Todd Huskinson: Thank you, Rob. I’d like to remind everyone that today’s call is being recorded. Please note that this call is the property of Stellus Capital Investment Corporation, and that any unauthorized broadcast of this call in any form is strictly prohibited. Audio replay of the call will be available by using the telephone number and pin provided in the press release announcing this call. Also like to call your attention to the customary safe harbor disclosure in our press release regarding forward-looking information. Today’s conference call may also include forward-looking statements and projections. We ask that you refer to our most recent filing with the SEC for important factors that could cause actual results to differ materially from these projections.
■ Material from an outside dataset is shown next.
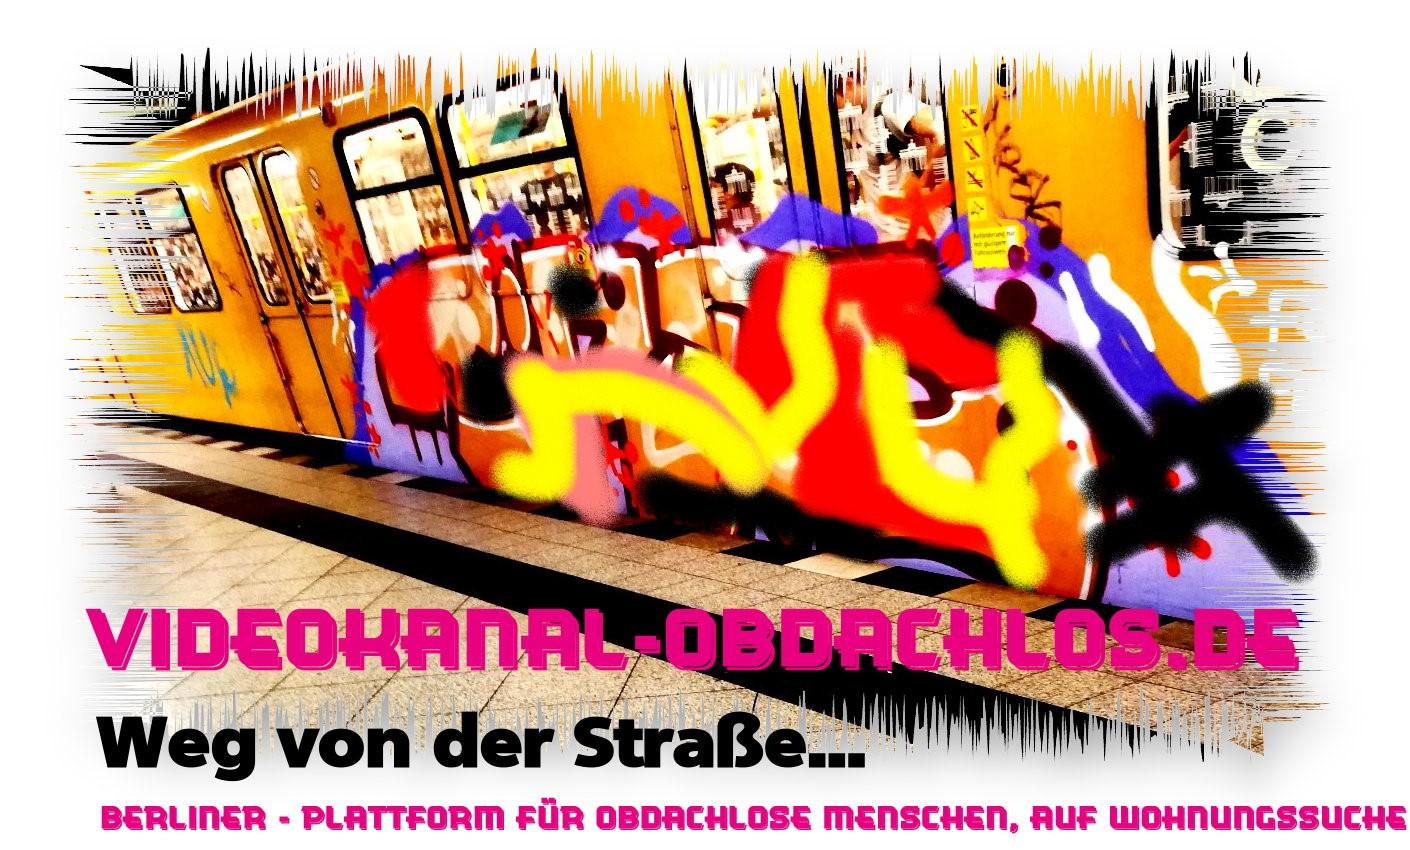 videokanal-obdachlos-berlin

We will not update any forward-looking statements unless required by law. To obtain copies of our latest SEC filings, please visit our website at www.stelluscapital.com under the public investors link or call us at 713-292-5400. Now I’ll cover our operating results for the quarter. I would like to start off with our life-to-date activity. Since our IPO in November 2012, we’ve invested approximately $2.6 billion in over 200 companies and received approximately $1.6 billion of repayments while maintaining stable asset quality. We’ve paid over $288 million of dividends to our investors, which represents $16.69 per share to an investor in our IPO in November 2012, which was offered at $15 per share. Turning to our current operating results, in the fourth quarter, we generated $0.35 per share of GAAP net investment income and core net investment income of $0.37 per share, which excludes estimated excise taxes.

A business person pointing to a graph displaying a company's projected EBITDA growth.
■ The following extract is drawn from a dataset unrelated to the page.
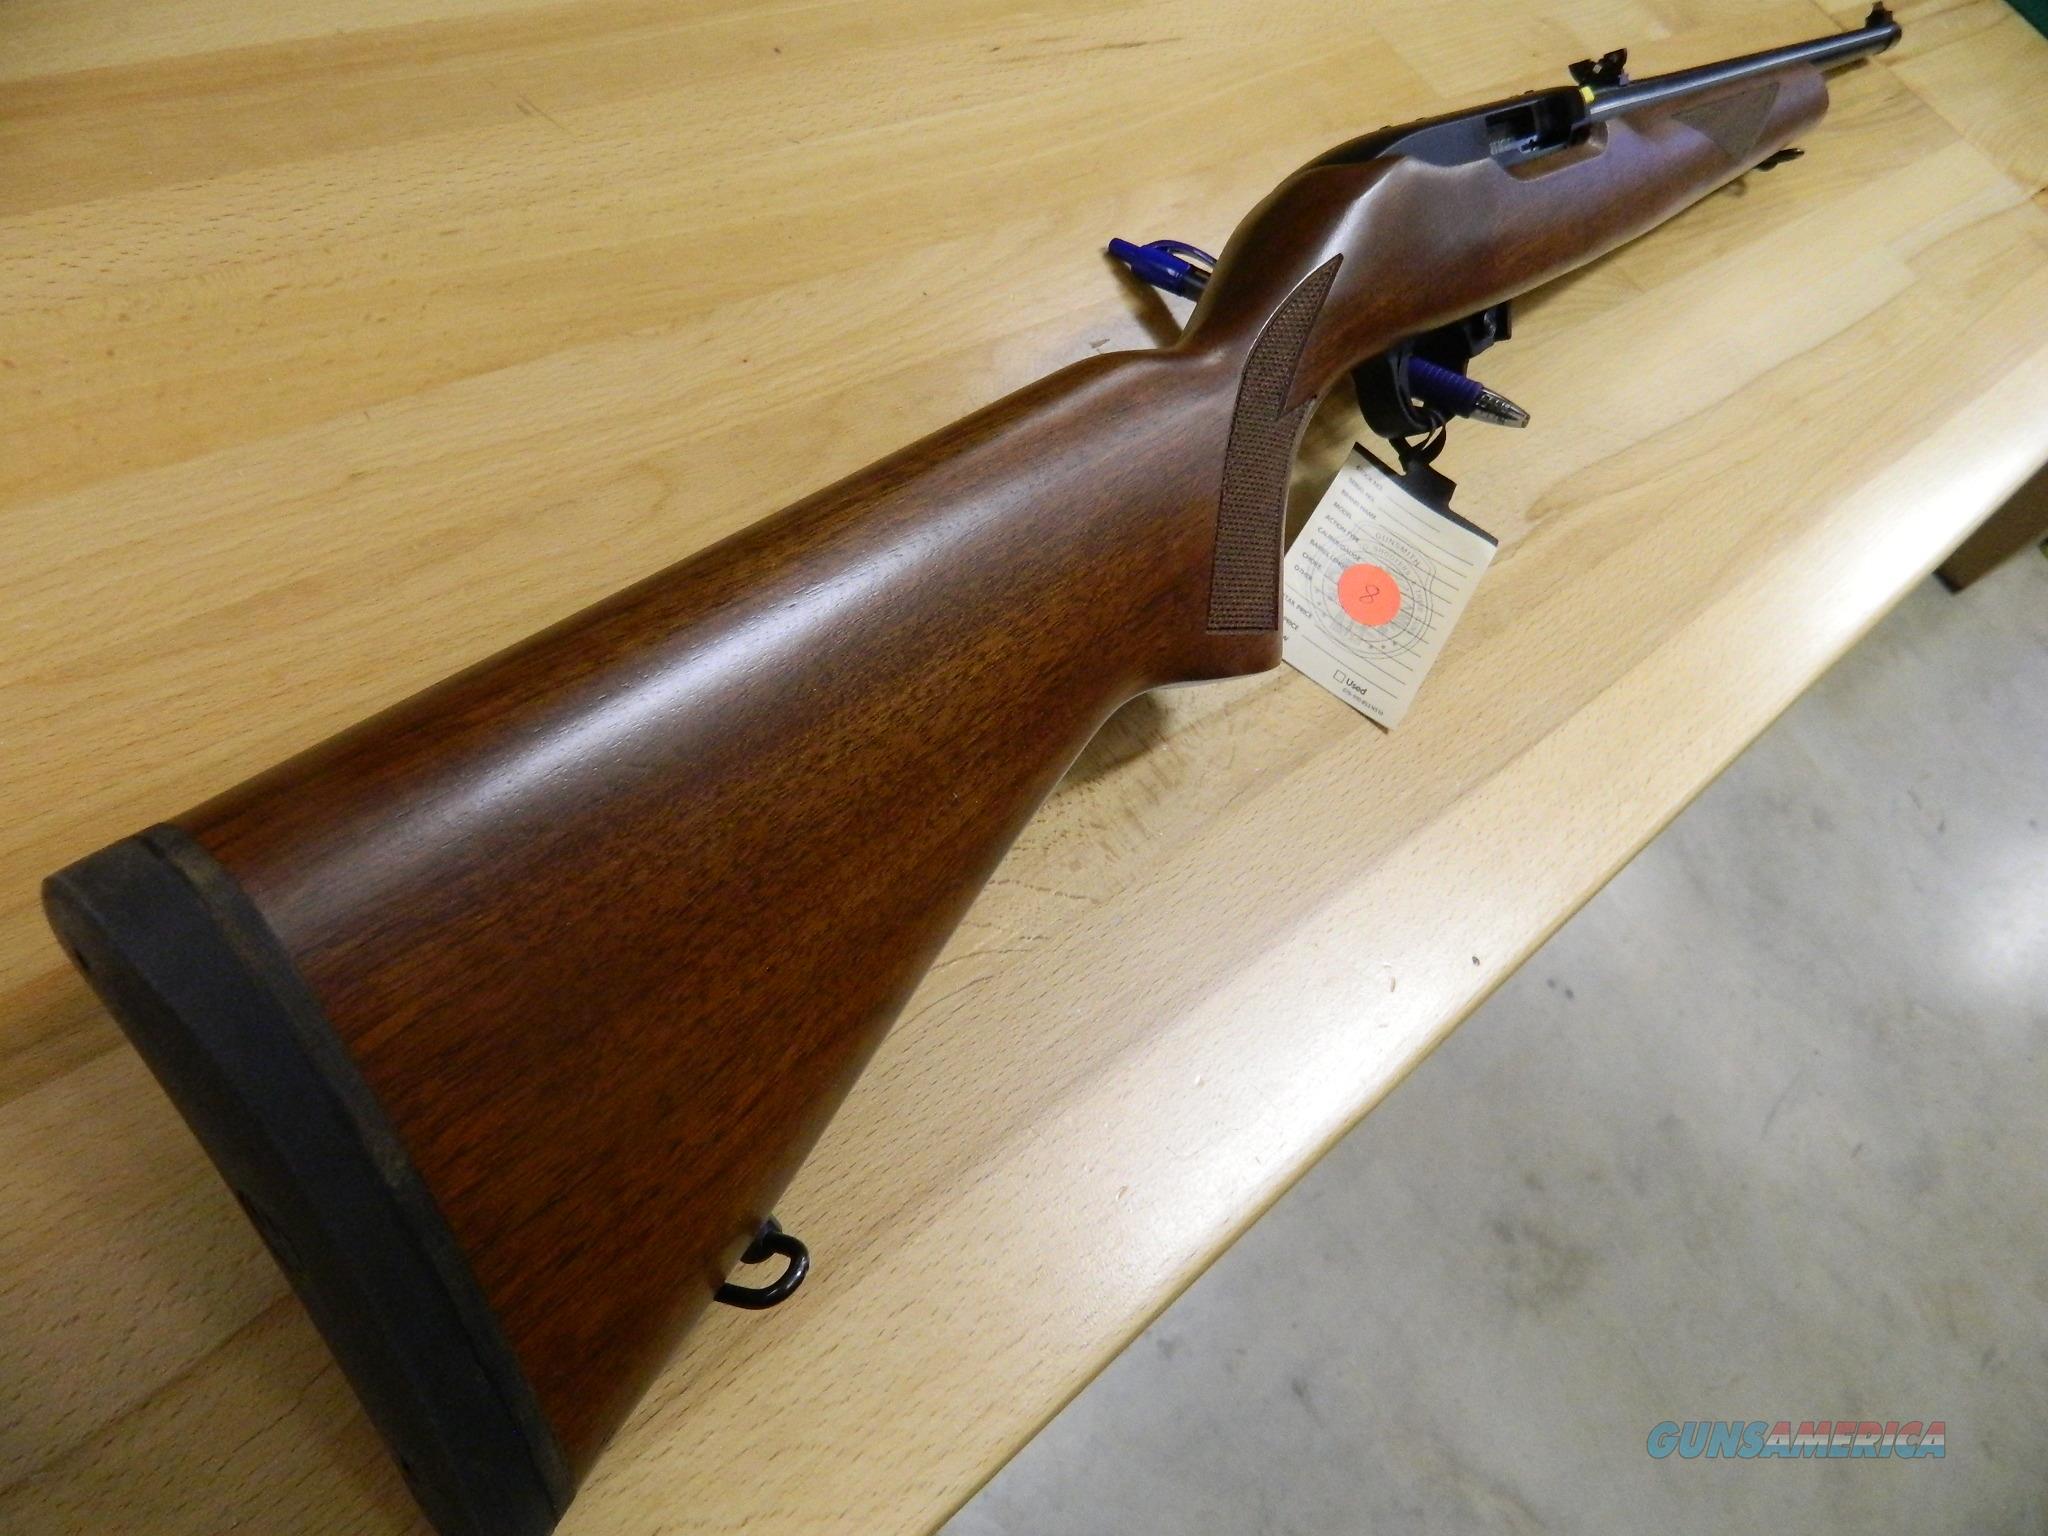 Ruger 10/22 Deluxe wood stock NIB .22 LR  Guns > Rifles > Ruger Rifles > 10-22

Net asset value per share decreased $0.09 during the quarter due to net unrealized depreciation on our investment portfolio and reduction of spillover income, offset by net realized gains on our investment portfolio, primarily related to one equity investment. Our ATM program was active during the quarter. We issued 441,754 shares for $6.1 million and shares at an average gross price of $13.86 per share. All issuances were above net asset value. Regarding portfolio and asset quality, we ended the quarter with an investment portfolio at fair value of $953.5 million across 105 portfolio companies, up from $908.7 million across 99 companies as of September 30, 2024. During the fourth quarter, we invested $76.5 million in nine new and portfolio companies and had $33 million in other investment activity, all at par.

We also received three full repayments totaling $46.9 million and received $15.6 million of other repayments, both at par. We also received one full equity realization and one material partial realization that generated proceeds of $6.5 million and realized gains of $5.5 million. At December 31, 98% of our loans were secured and 95% were priced at floating rates. The average loan per company is $9.5 million and the largest overall investment is $21.2 million, both at fair value. All but one of our portfolio companies are backed by a private equity firm. Overall, our asset quality is on plan. At fair value, 24% of our portfolio is rated a one or ahead of plan and 21% of the portfolio is marked category of three or below plan, meaning not meeting plan or expectations.

Currently, we have loans to seven portfolio companies on nonaccrual, which comprise 5.4% of the fair value of the total loan portfolio. With that, I’ll turn it back over to Rob to discuss the overall outlook.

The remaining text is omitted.